WHAT IS EXPECTED
The reader should set down exactly the lines from the one containing "James Rodriguez celebrates" through the last line of the material, omitting every picture.

---- INFORMATION SHOWN

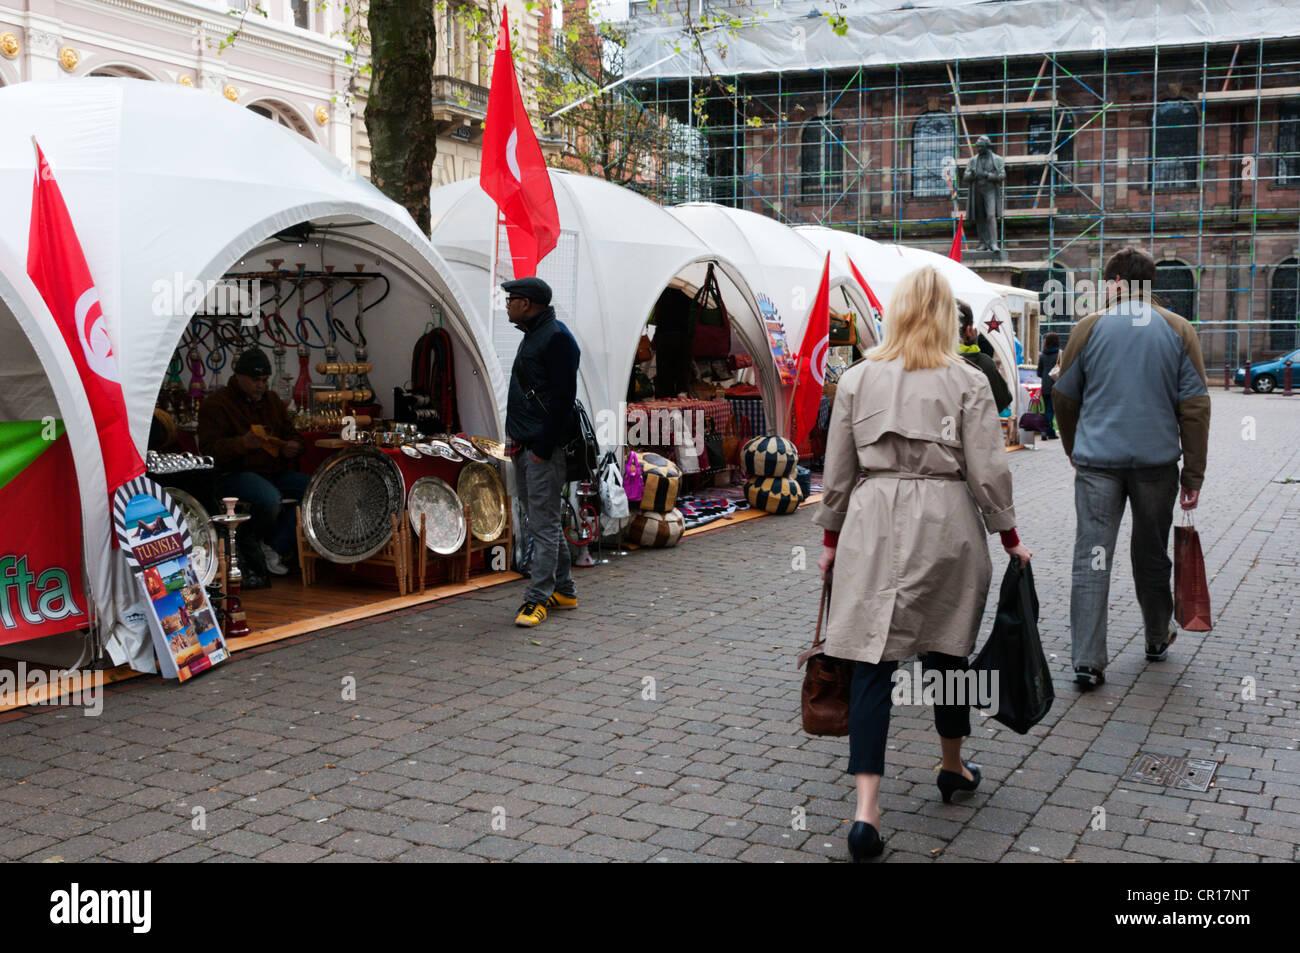 A Tunisian Market in St Anne's Square, Manchester. Stock Photo
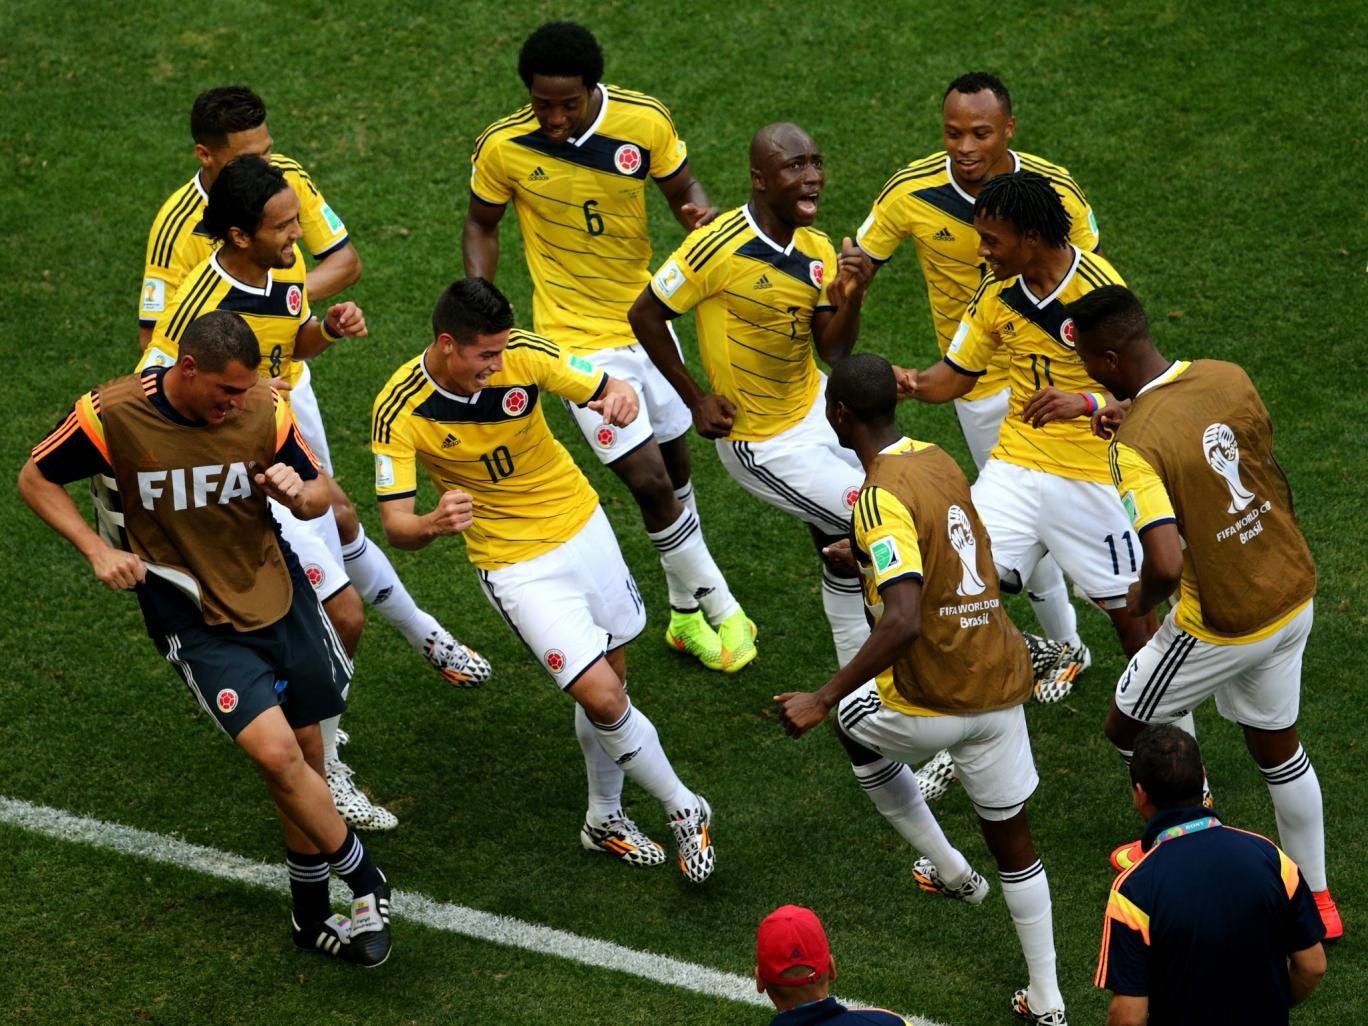 James Rodriguez celebrates scoring for Colombia
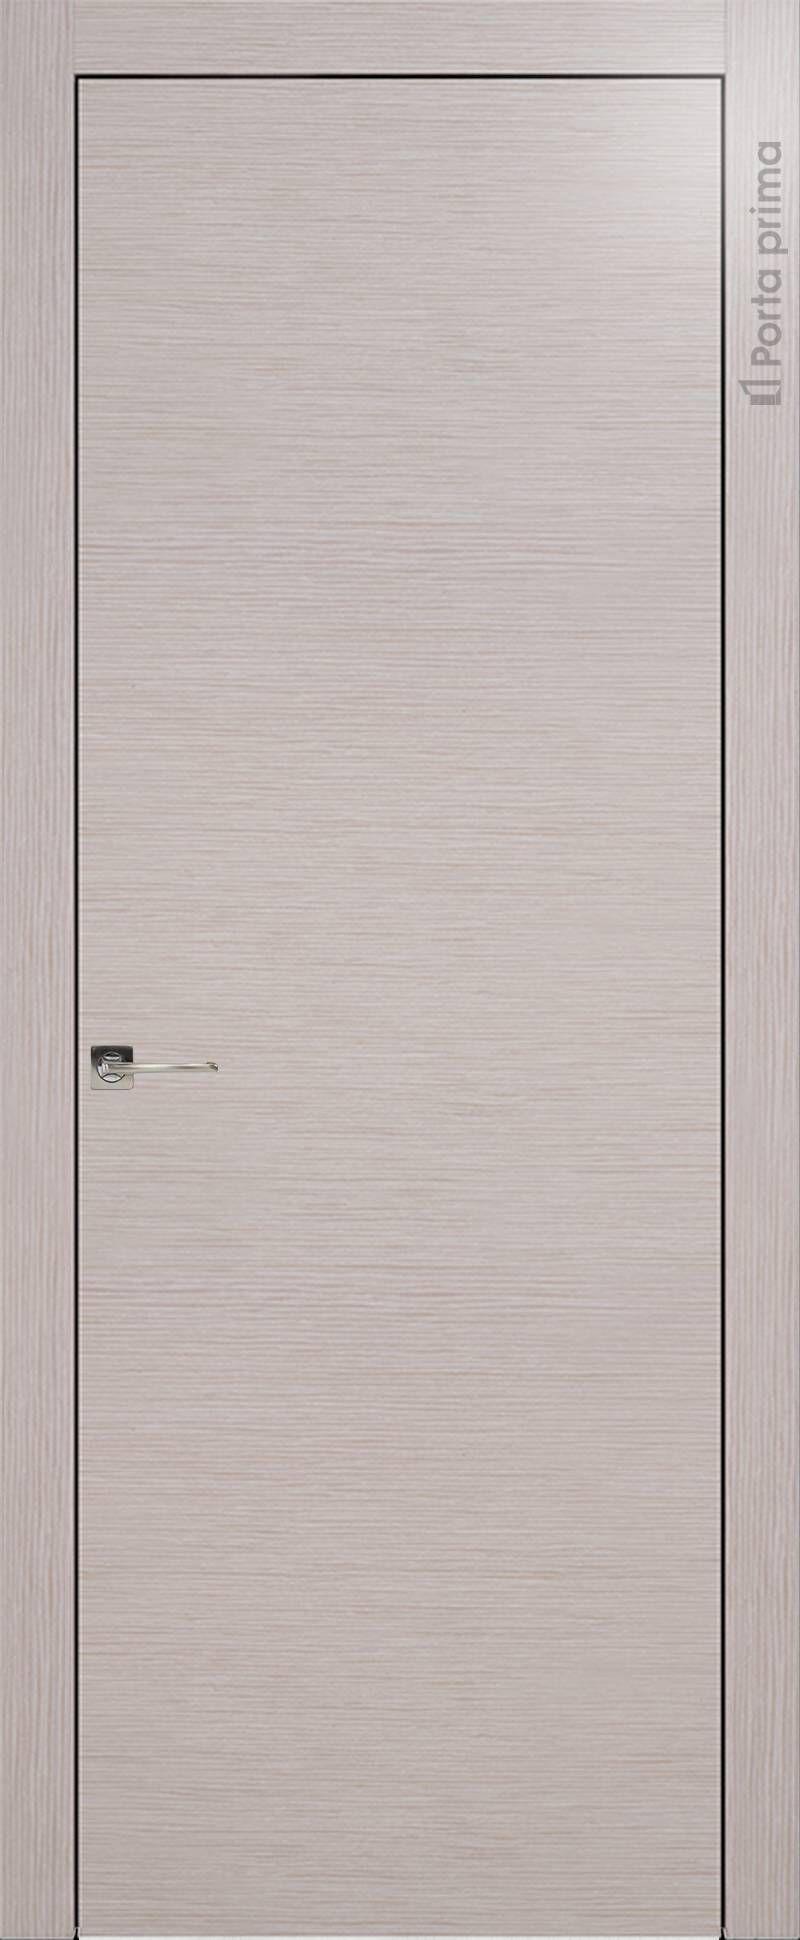 Tivoli А-2 цвет - Дымчатый дуб Без стекла (ДГ)

--------

THE ANSWER
 James Rodriguez celebrates scoring for Colombia
 Tivoli А-2 цвет - Дымчатый дуб Без стекла (ДГ)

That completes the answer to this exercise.